3) Como é mais do que evidente a história da compra da casa de Fernando Medina foi guardada e largada no momento mais oportuno, tratando-se de uma manobra política, como muitas outras a que se assistiu em ocasiões de campanha eleitoral. Dito isto, também é verdade que as justificações do edil são pífias. Numa sociedade em que todos se conhecem e são primos, não se saber a quem pertencem os apartamentos numa rua chiquérrima e num prédio de classe média alta, onde até vive o socrático sogro de Medina, é algo que custa acreditar. Assim como também é desconcertante a circunstância que alguém da família Teixeira Duarte perca 200 mil euros num apartamento, embora se reconheça que a venda ocorreu numa fase de recessão. Oxalá a vendedora nunca tenha funções executivas na empresa. Quem anda na política tem evidentemente o direito de ser rico e de fazer boas compras. Mas deve rodear-se das maiores cautelas em qualquer negócio que faça, o que não foi manifestamente o caso. Cautela portanto, Dr. Medina, para não estragar a imagem positiva que mantém. Quanto à adjudicação de uma empreitada directa à Teixeira Duarte ocorrida depois da compra, nada a dizer a não ser que lamentavelmente é uma prática corrente para evitar uma burocracia infernal.

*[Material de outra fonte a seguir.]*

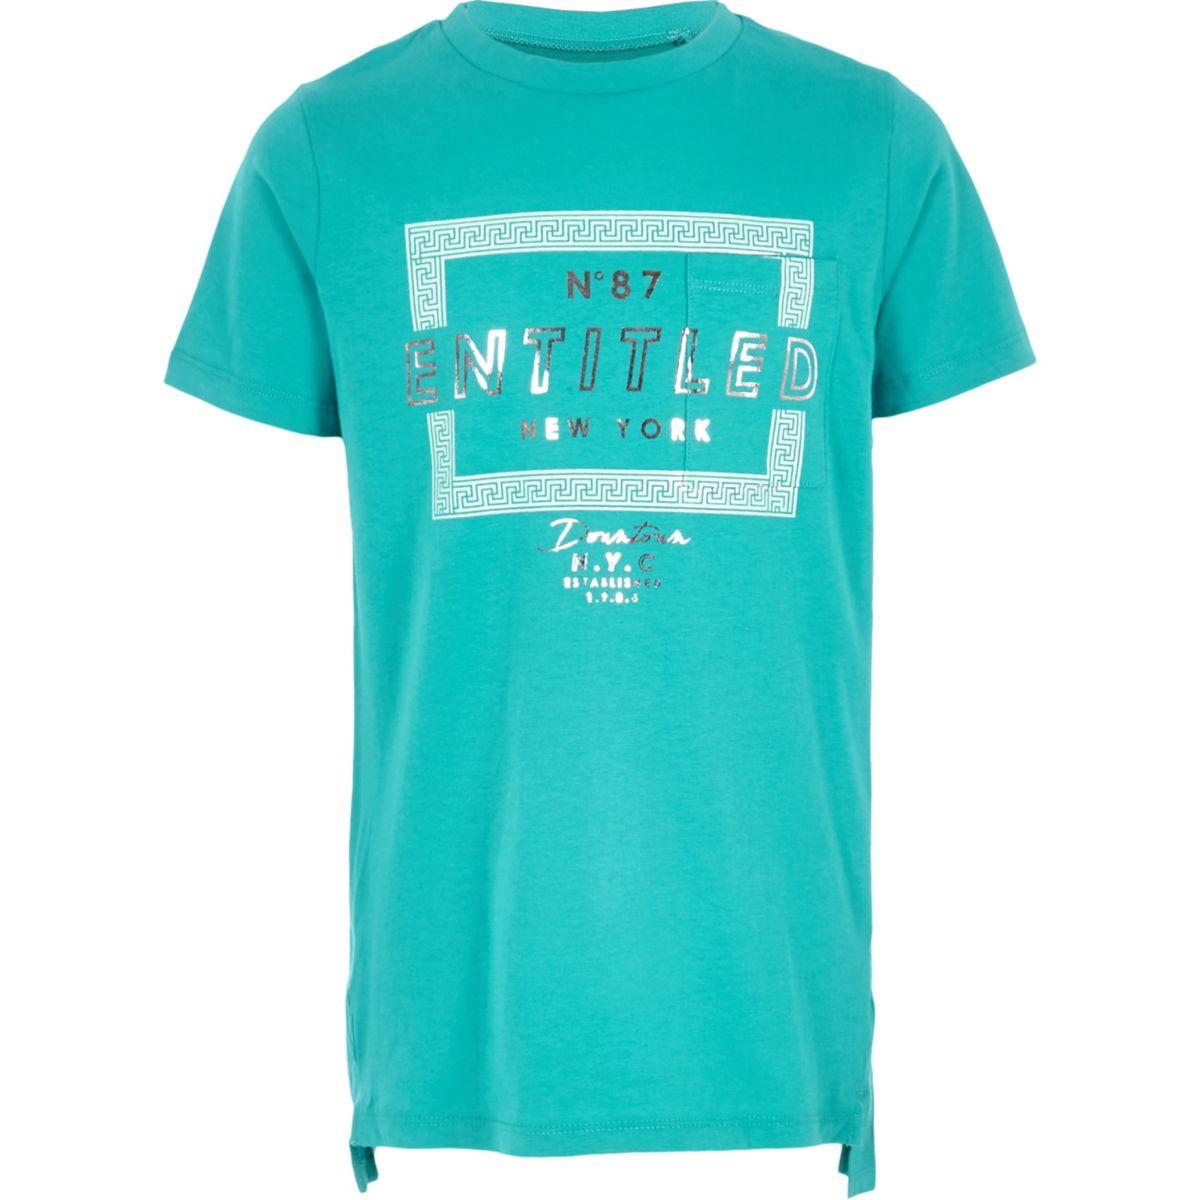 Boys turquoise 'entitled' T-shirt

4) Diariamente sobe a tensão entre o estado espanhol e a Catalunha por causa do referendo sobre a independência marcado pelo governo de Barcelona para 1 de Outubro e que Madrid rejeita. Apesar de Portugal ser, por razões óbvias, o país que mais facilmente pode entender a natureza do conflito secessionista é de notar a superficialidade com que o tema é tratado entre nós no comentário político e na imprensa que retoma essencialmente o que dizem os jornais nacionais espanhóis El País e El Mundo. Ora importa dizer que ambas as publicações (que chegaram a mostrar ambições de serem jornais de referência internacional) deixaram de ser informativas, virando meros panfletos anti-Catalunha. Mau jornalismo lá, preguiça ou então seguidismo cá. Honrosa excepção para a correspondente da RTP no país vizinho.